Setting up your company shares structure
If you are just in the beginning of a company formation and planning on distributing shares among shareholders, you should have a strategy and get every preparitorial aspect in line.
You should definitely pass a Resolution of Directors on issuing uncertified shares. I’m a big fan of this. You do not need to keep paper (physical) shares and can issue electronic shares.
If you set up a company, you need to decide what would be the value of your shares. Par Value is not a market price or accounting price as you have not yet started the business; therefore you need to set a value of the shares before you issue them. Par Value is the lowest amount for which a share of stock can be sold by the company. Most entrepreneurs keep the value of the share as low as possible in order not to pay high taxes. We recommend keeping the Par Value as low as $.0001, in this way you can pay far less for Franchise Tax. If you decide to have higher Par Value, your future employees will have to pay more for the shares. There is no reason to have higher Par Value share as this is the beginning and you try to minimize any financial burdens.
Many of our startups set up the price as low as $.0001. If you decide to set up an Incentive Plan for your employees, you will have to set up the share price prior to incorporation.
10,000,000 Authorized Shares is the number for any startup planning on raising money from investors or having an Incentive plan for employees.
Before we start going deeper into this subject, please remember that the Franchise Tax might be one of the biggest surprises if you set up your Par Value high and multiply it by the authorized shares, this might trigger a higher Franchise Fax to be paid to the State of Delaware.
First of all, what are Authorized Shares? Authorized Shares are total shares which have been approved by the founder(s) prior to incorporating a company. It’s like approving a budget for how much money you can spend on a particular project. Once you have that number, you know how many shares you have that can be distributed among founders, employees, third parties (lawyers, advisors, consultants, accountants, etc.) or investors. You can also keep all shares for yourself; however, this is not the classical founding model here in Silicon Valley.
From the technical point of view, before you set up your company, you need to know the number of shares you will authorize. This is a must. The Shareholders Resolution will stipulate how many shares are going to be authorized. Once you authorize any shares, that is your company stock of shares. If you have authorized 10,000,000 shares, you can issue them to yourself, employees, third-parties or investors.

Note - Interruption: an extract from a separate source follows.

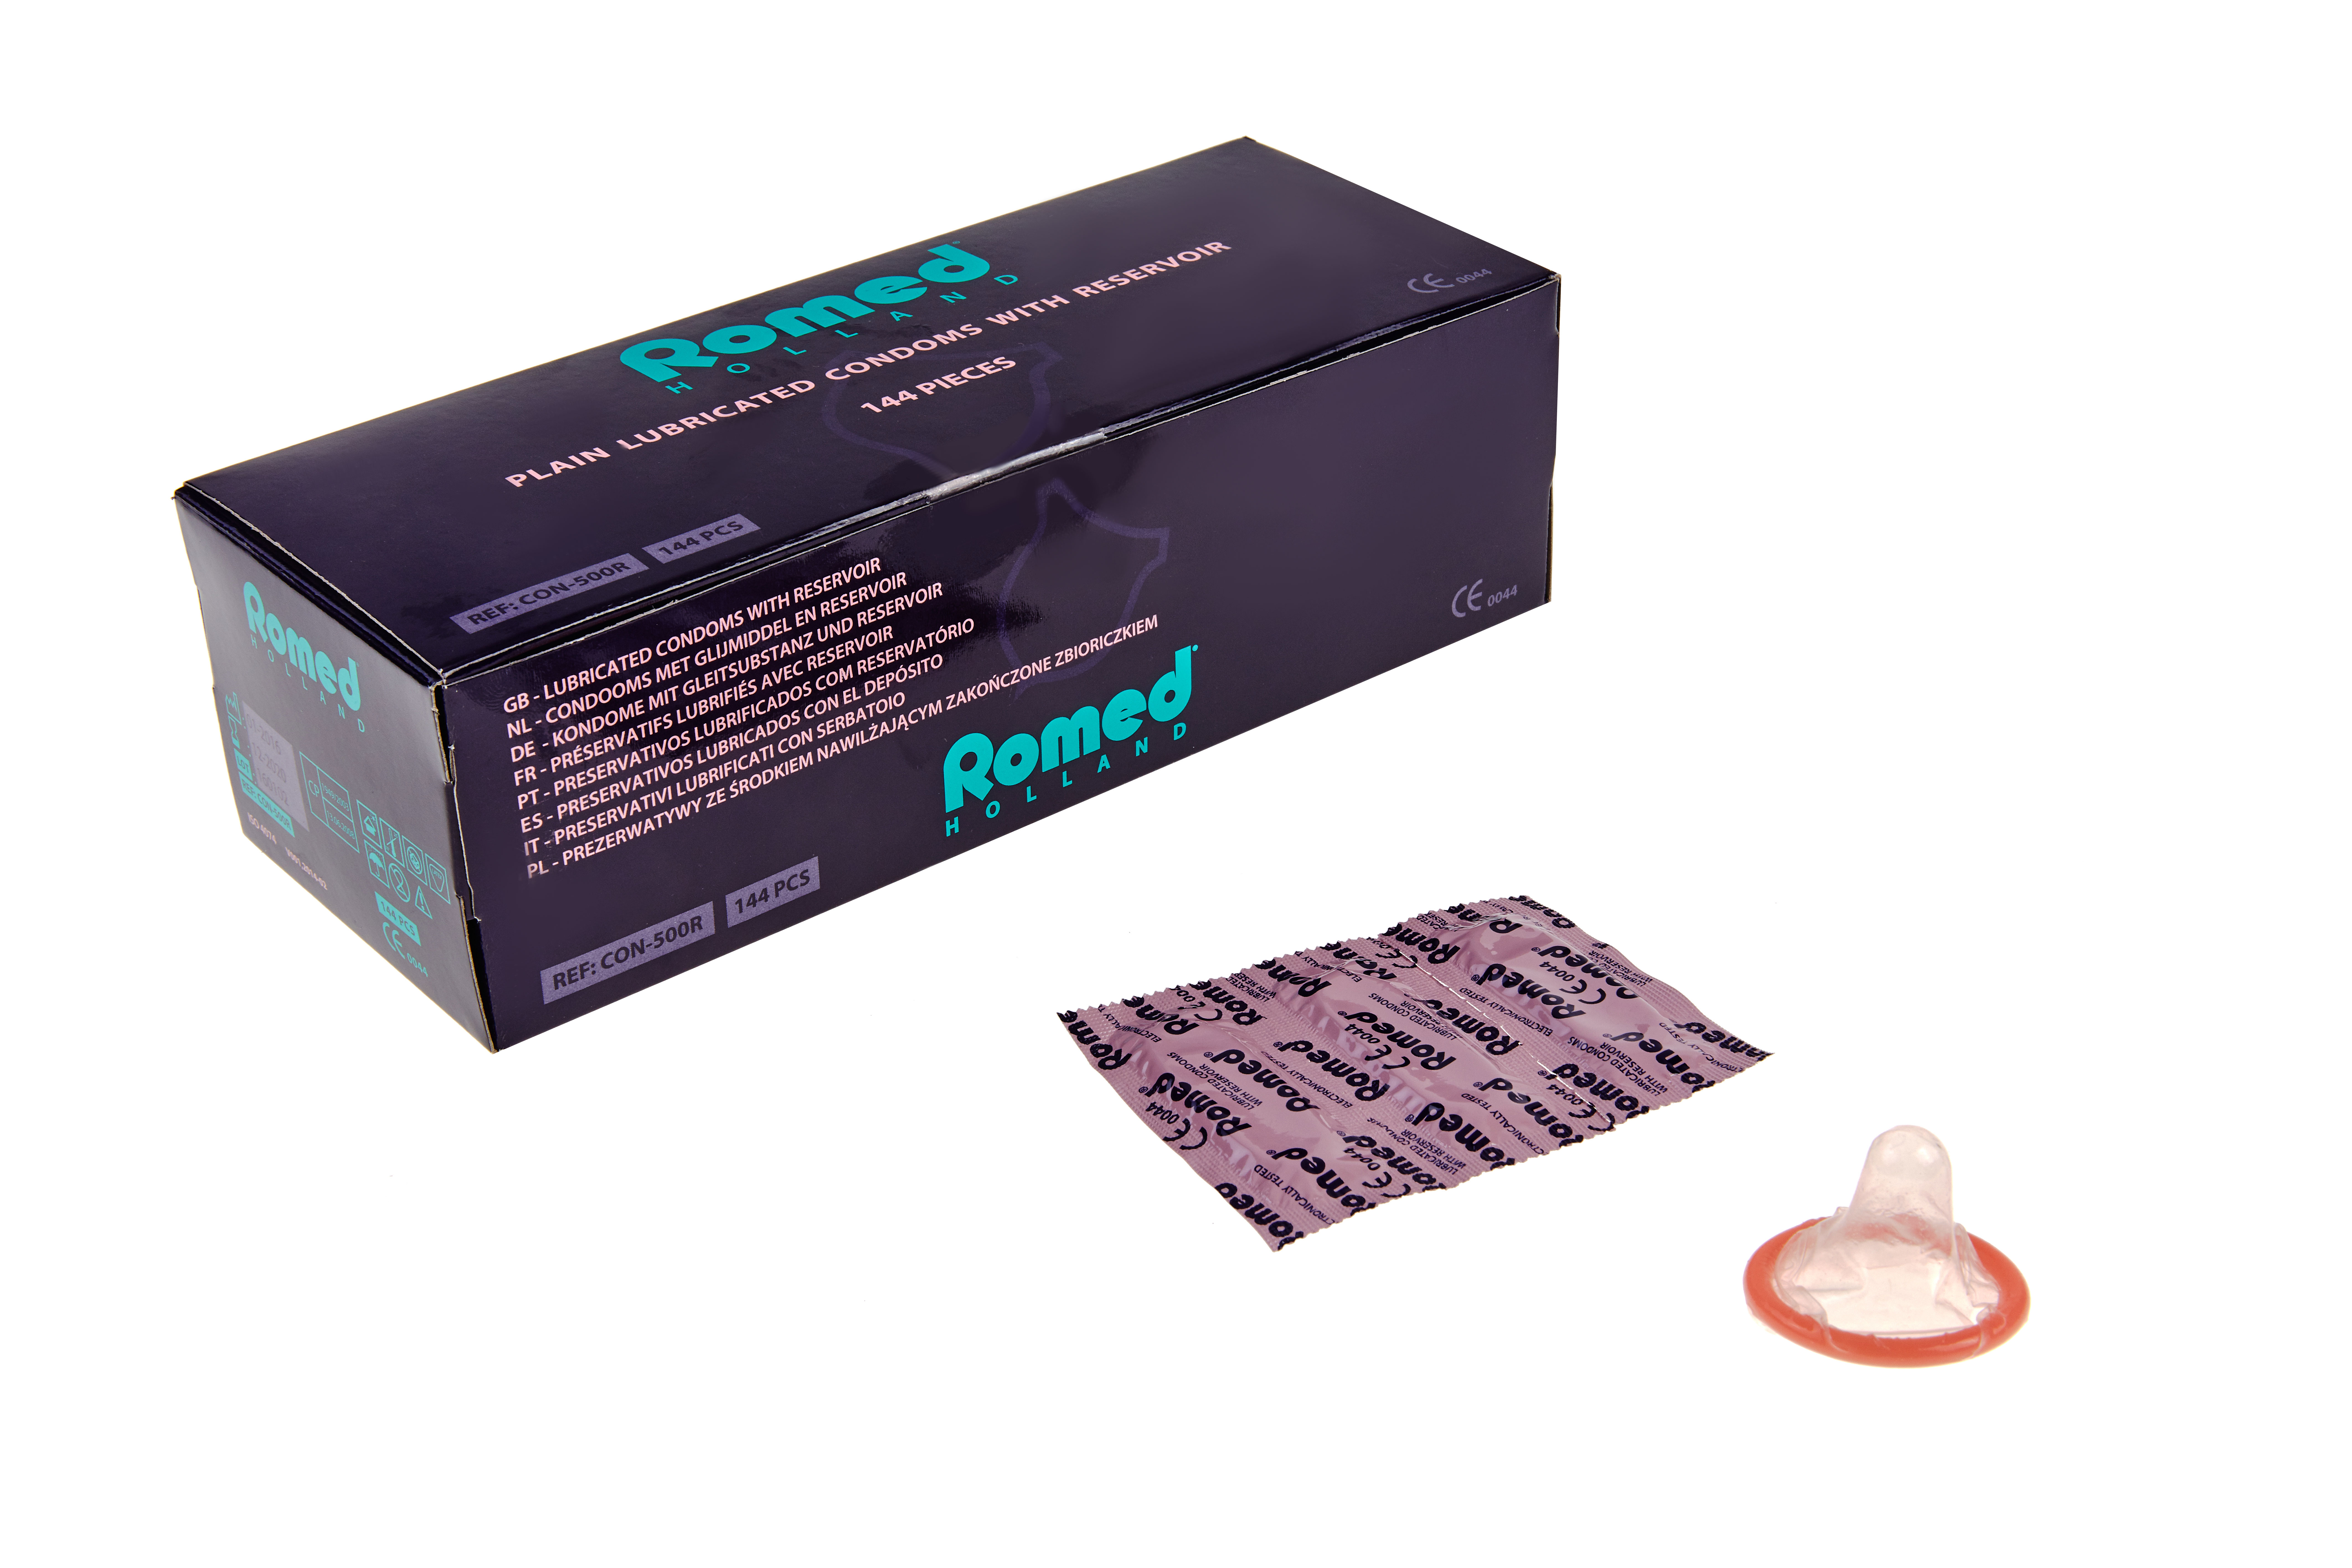 CON-500R Romed condooms verpakt in strips van 3 stuks, 48 strips van 3 stuks = 144 stuks in een binnendoosje (= 1 gros), 50 x 144 stuks = 7.200 stuks in een karton

Now, you can issue shares and prepare Classes Of Shares
So how do you calculate the percentage of shareholders? If you authorize shares, it doesn’t mean that you have allotted them. You calculate the share percentage just on the basis of issued shares.
You have authorized 10,000,000 shares
You issue 5,000,000 shares which are regarded as 100% of the all issued shares, and 2 founders keep 60% of shares in the company (3,000,000 I&II Founder Shares / 5,000,000 total issued shares)

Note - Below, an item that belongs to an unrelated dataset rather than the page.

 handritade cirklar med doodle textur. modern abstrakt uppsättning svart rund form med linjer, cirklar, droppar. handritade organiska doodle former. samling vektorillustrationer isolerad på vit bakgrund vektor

- 1,500,000 shares to I Founder (30% ownership)
- 1,500,000 shares to II Founder (30% ownership)
- 500,000 shares issued to employees (10% ownership)
- 1,500,000 shares issued to Investor (30% ownership)
You can issue more shares; however, please be reminded that you might end up paying a higher Franchise Tax. In the case of the Delaware company, you need to keep in mind how that will affect your tax bill. You can check this out on the website of State of – the Delaware Franchise Tax Calculator.
What happens with Unissued Shares? Well, there is nothing wrong if you don’t use up all company shares, you can keep them for future employees or investors. You are not required to issue all of them. Authorized Shares don’t vanish or expire.
Class of Shares
As you have authorized shares, you know that 3,000,000 shares are already issued to investors. However, you will need to also issue shares for your employees.
It is like filling out a basket with Eggs: You need to understand the size of the basket. If you authorize 10,000,000 shares, you should be able to reserve 1,500,000 shares for your employees. You might also give a name to these shares such as “Stars Program.” So now you know that 1,500,000 shares are untouchable, waiting for the employees.
Here is a perfect example, Employees Incentive Plan.
This is the most important part of any Tech-Startup. As there is a lack of capital in any startup, you might be offering equity to the employees in the form of bonuses or employees compensation. We call it Employees Incentive Plan. Every company understands the attraction of top talent, and this might be the way of how you can attract top people for your company and compensate them while at the same time bootstrapping.
If you raise any funds, you might call that class of shares the Seed Round. A Round is mostly referred to as Venture Capital Investment Class Of Shares.
You might also think of naming another class of shares, third-party providers “Rewards.” If you are running a low-cost startup, some of the third party providers might accept compensation in equity. Lawyers or any Consultants might accept company equity as part of their pay and work with you in this way.